Bug #604
EINTR not check, rrdtool-read: failed Interrupted system call (stopped updating rrd)
| Status: | New | Start: | ||
| Priority: | Normal | Due date: | ||
| Assigned to: | jan | % Done: | 0% |
|
| Category: | core | |||
| Target version: | - | |||
| Pending: | No |
Resolution: | ||
Description
machine env: almost 0 traffic/request, full cpu usage, disk io busy.
i don't have the strace when it's stopping.
2006-03-27 17:23:26: (src/log.c.75) server started 2006-03-27 18:22:00: (src/mod_rrdtool.c.398) rrdtool-read: failed Interrupted system call 2006-03-27 18:22:00: (src/server.c.1085) one of the triggers failed 2006-03-27 21:26:39: (src/log.c.135) server stopped (manually) 2006-03-27 21:26:42: (src/log.c.75) server started 2006-03-28 19:19:00: (src/mod_rrdtool.c.398) rrdtool-read: failed Interrupted system call 2006-03-28 19:19:00: (src/server.c.1085) one of the triggers failed
# strace -p `pidof rrdtool` Process 11484 attached - interrupt to quit read(0, <unfinished ...> Process 11484 detached (CTRL+C)

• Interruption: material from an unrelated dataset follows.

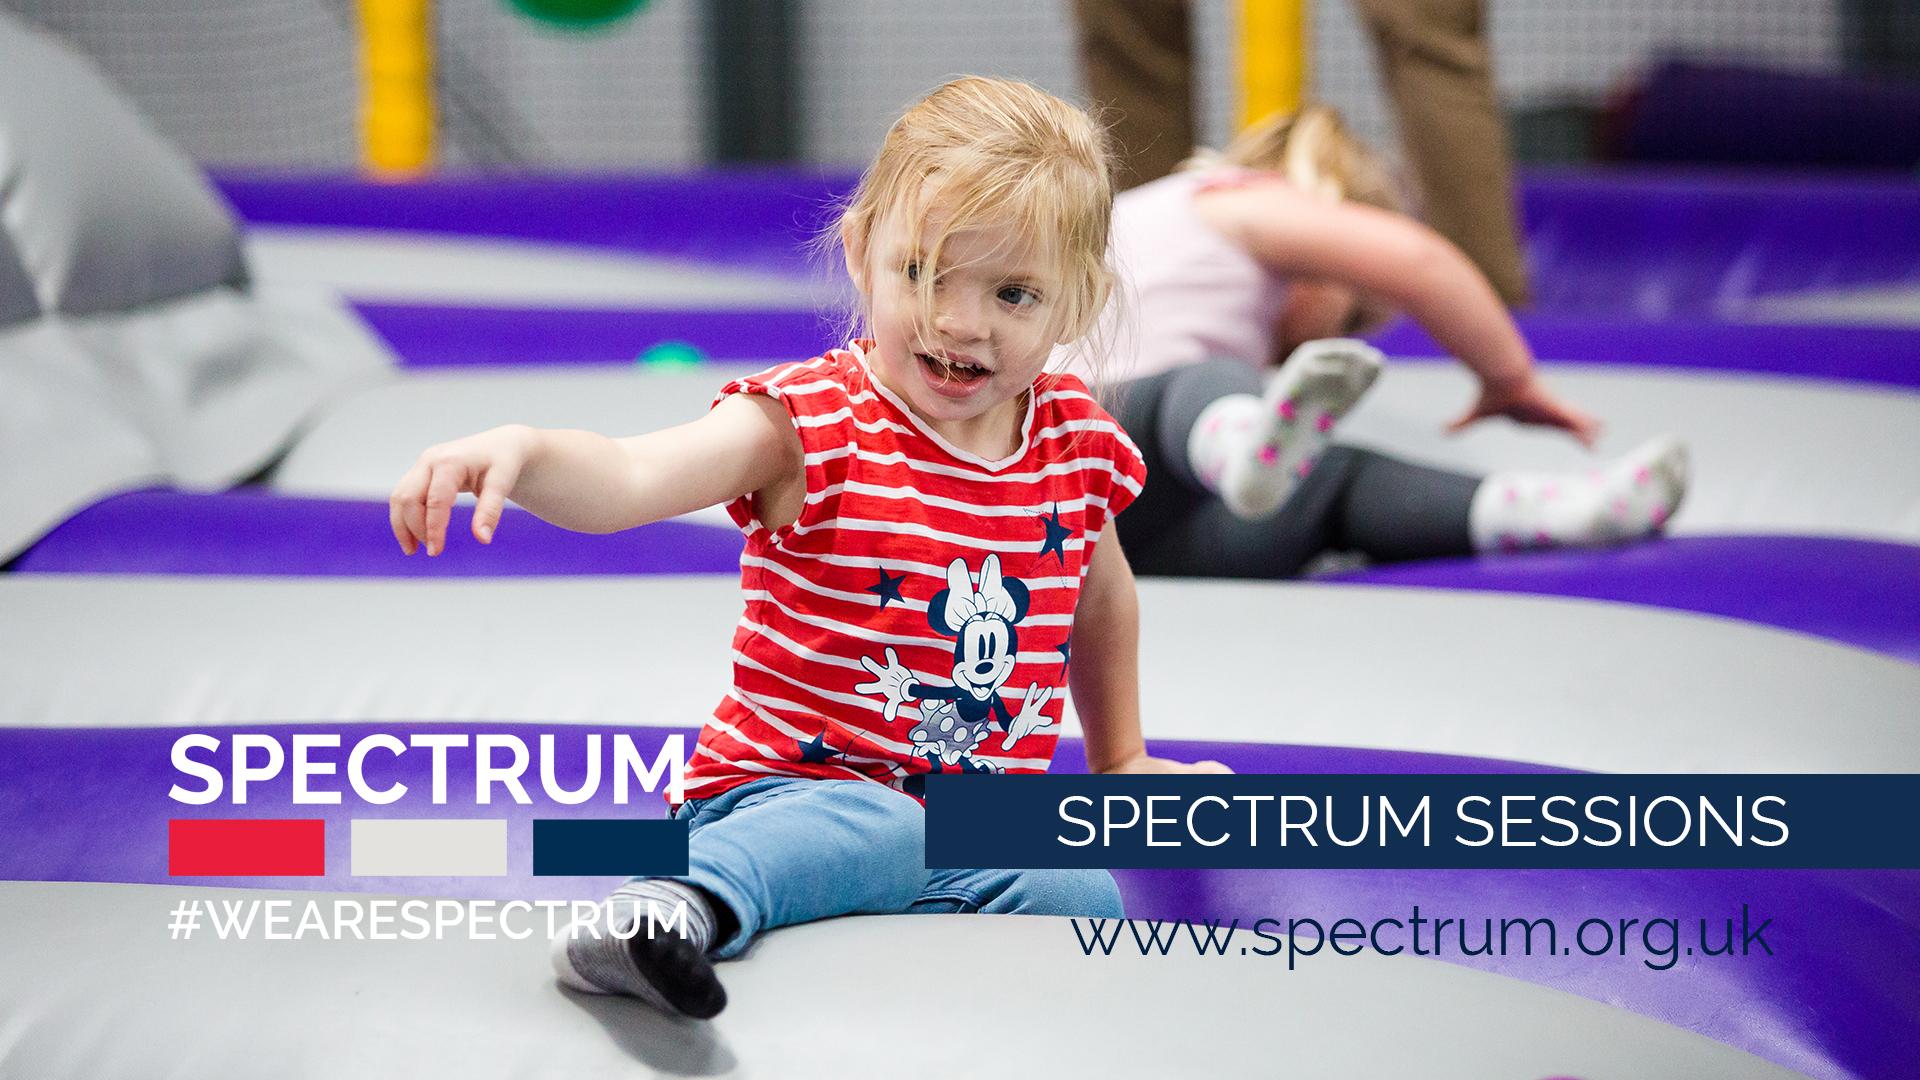 Sessions at Spectrum

# strace -p `pidof lighttpd`
Process 11480 attached - interrupt to quit
time(NULL) = 1143634917
epoll_wait(8, {}, 10231, 1000) = 0
time(NULL) = 1143634918
epoll_wait(8, {}, 10231, 1000) = 0
time(NULL) = 1143634919
epoll_wait(8, {}, 10231, 1000) = 0
time(NULL) = 1143634920
epoll_wait(8, <unfinished ...>
Process 11480 detached (CTRL+C)
i guess it take more than 1 seconds to read() in mod_rrdtool.c because rrdtool take some time to update data to disk, as disk io is already heavy busy. and another lighttpd trigger/alarm kill the read() in progress.
History
04/25/2006 02:53 AM - moo
i'm sure that, the code failed to check the value (r) returned by read()/write(), and wrongly think as "rrdtool is quiting with error.", due to EINTR, simply check r == EINTR, and do something right: don't do p->rrdtool_running = 0 at least. i have no glue to make a best patch.